Collected material —
* * * *
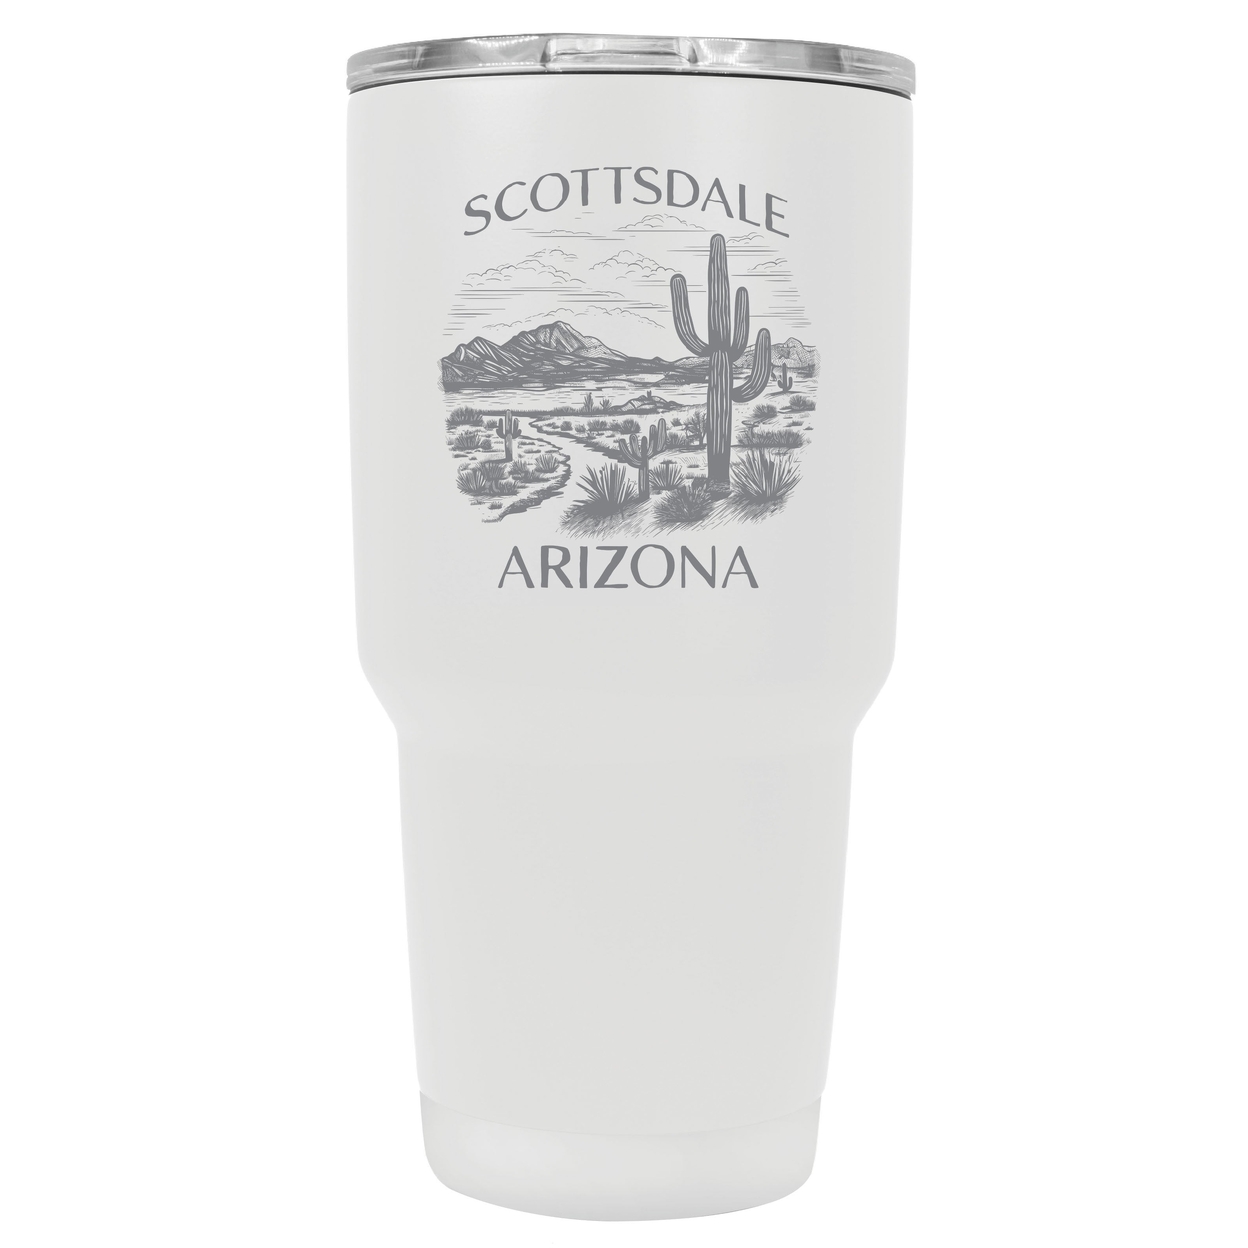 Scottsdale Arizona Souvenir 24 Oz Engraved Insulated Stainless Steel Tumbler - Rose Gold,,4-Pack
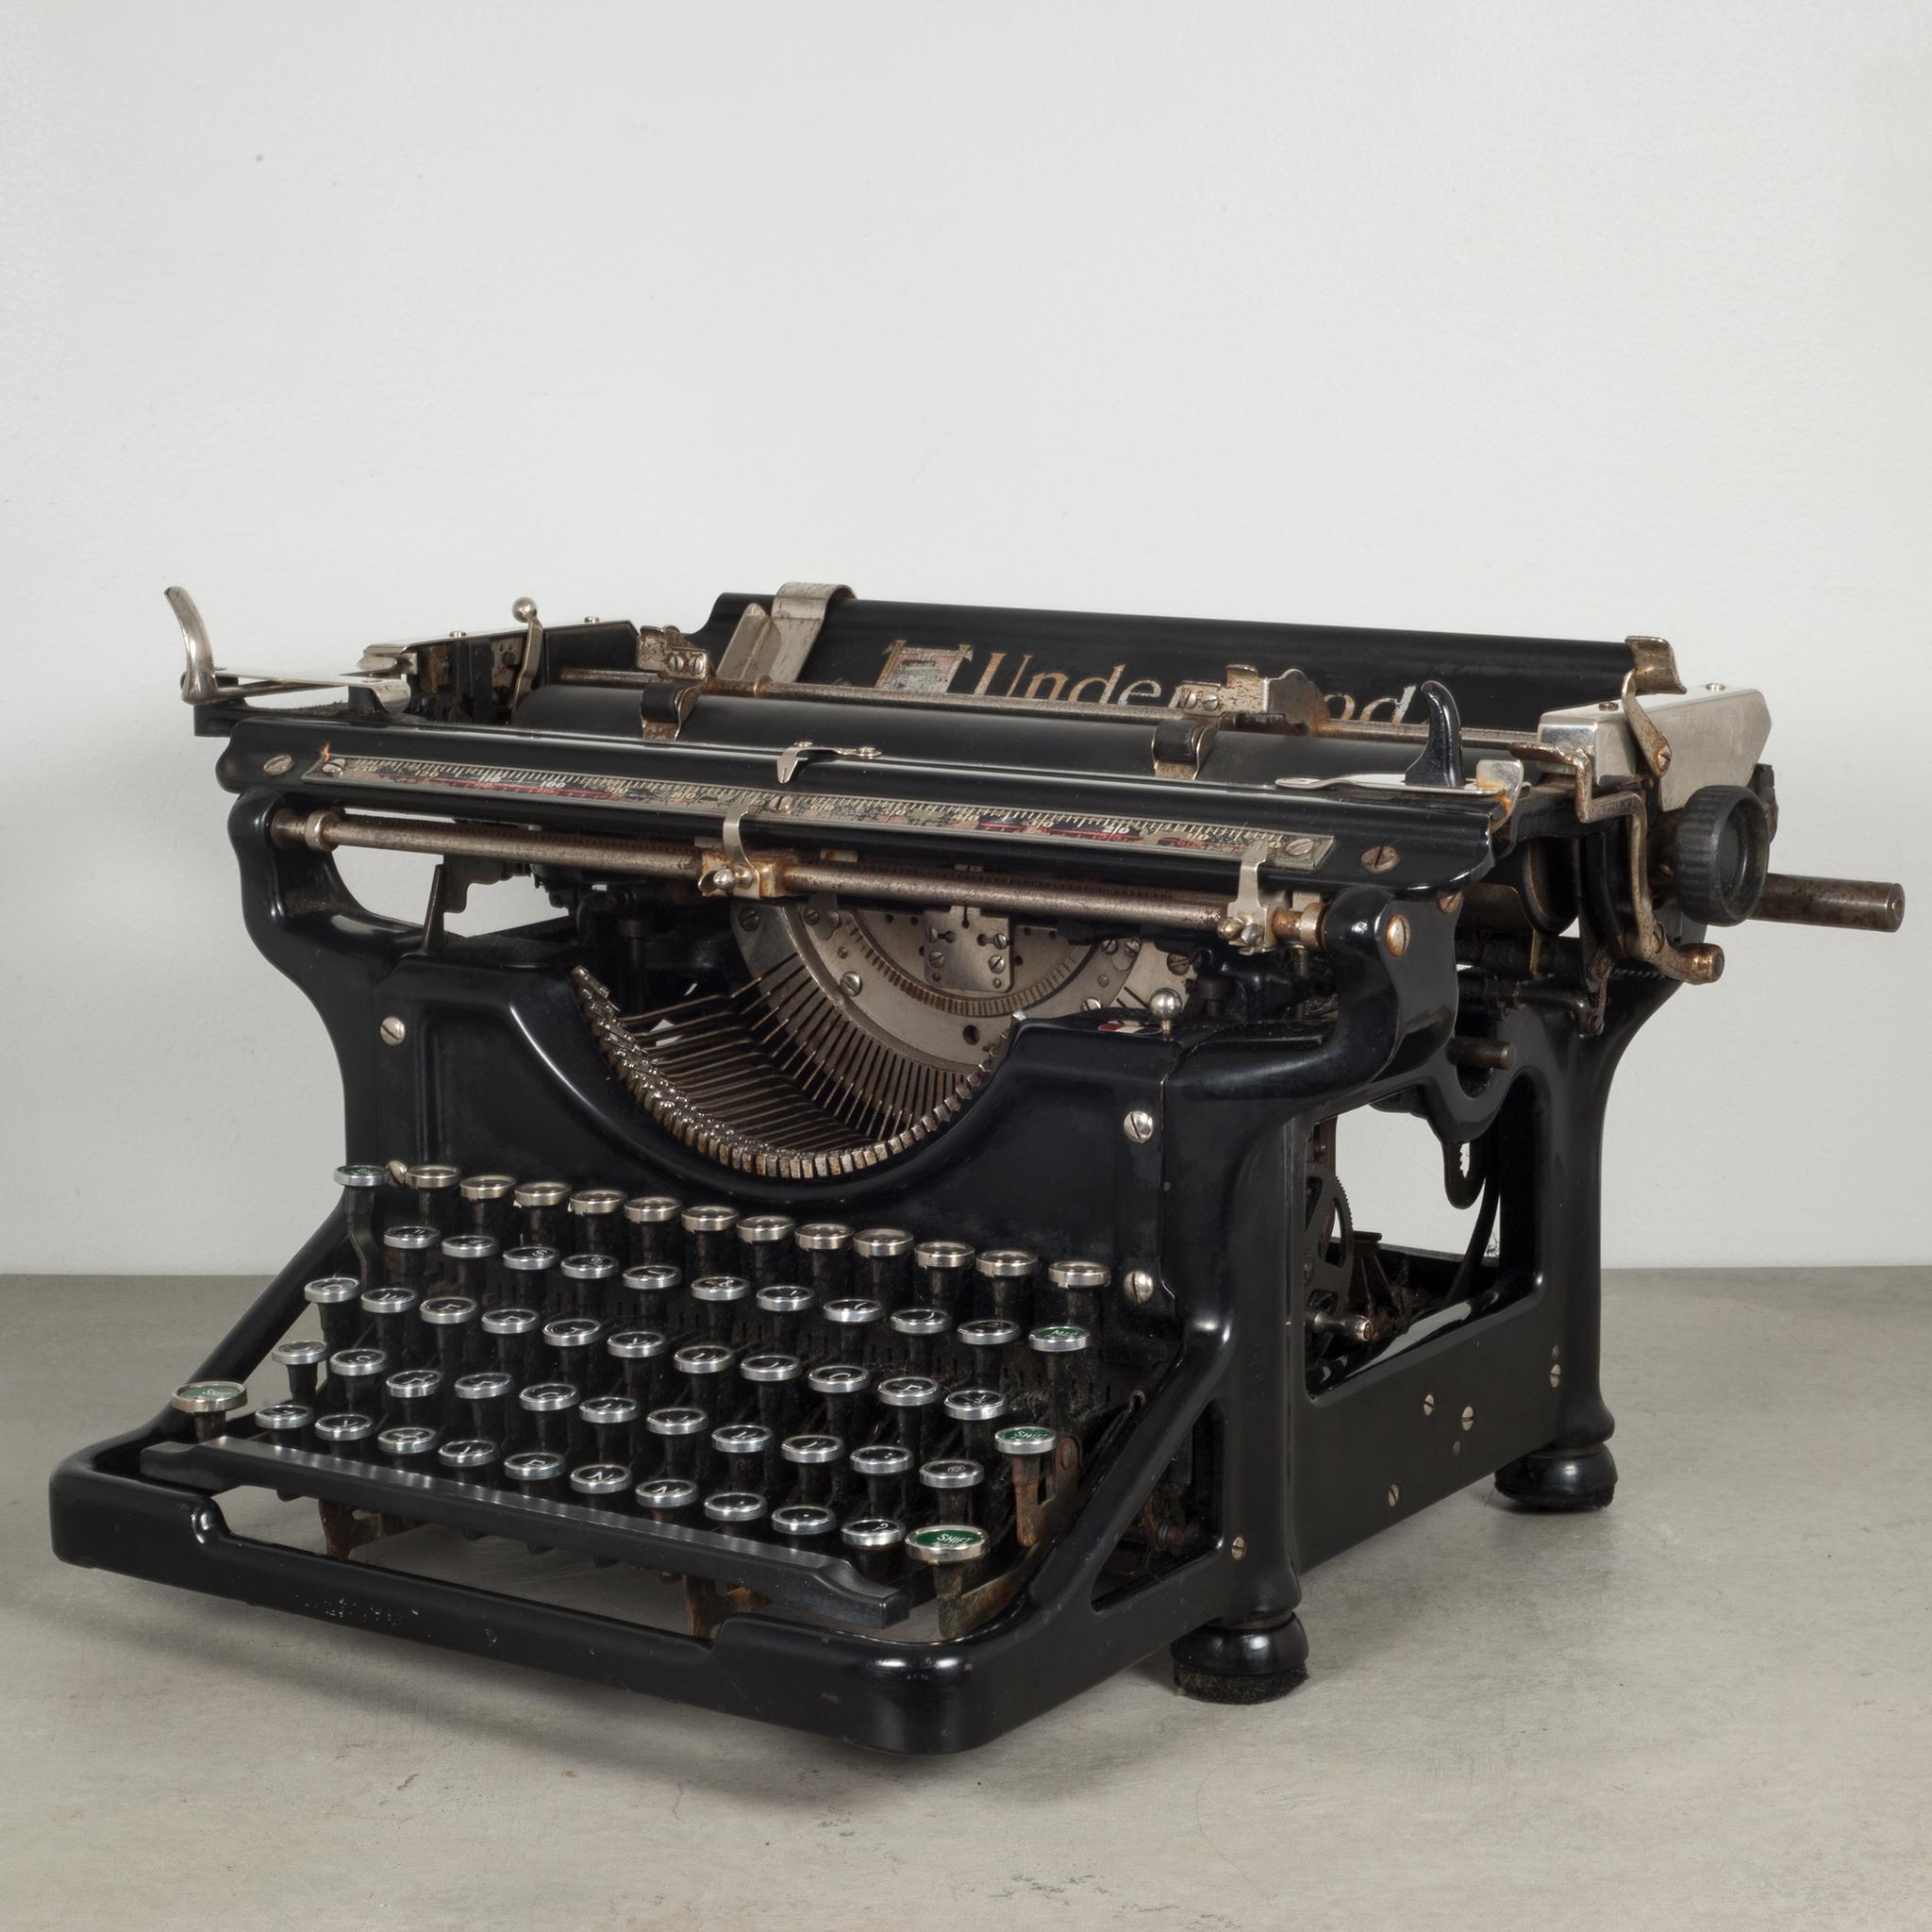 About

This is an original Underwood typewriter #6 12 with a 12 inch carriage and an open-frame design. The serial number is 4172824-12 stamped in the inside. The keys are nickel with black and white numbers and green and white on the sides. Five
* * * *
Without the pictures, return the whole of the data exactly as given.

Exercise answer —
 Scottsdale Arizona Souvenir 24 Oz Engraved Insulated Stainless Steel Tumbler - Rose Gold,,4-Pack
 About

This is an original Underwood typewriter #6 12 with a 12 inch carriage and an open-frame design. The serial number is 4172824-12 stamped in the inside. The keys are nickel with black and white numbers and green and white on the sides. Five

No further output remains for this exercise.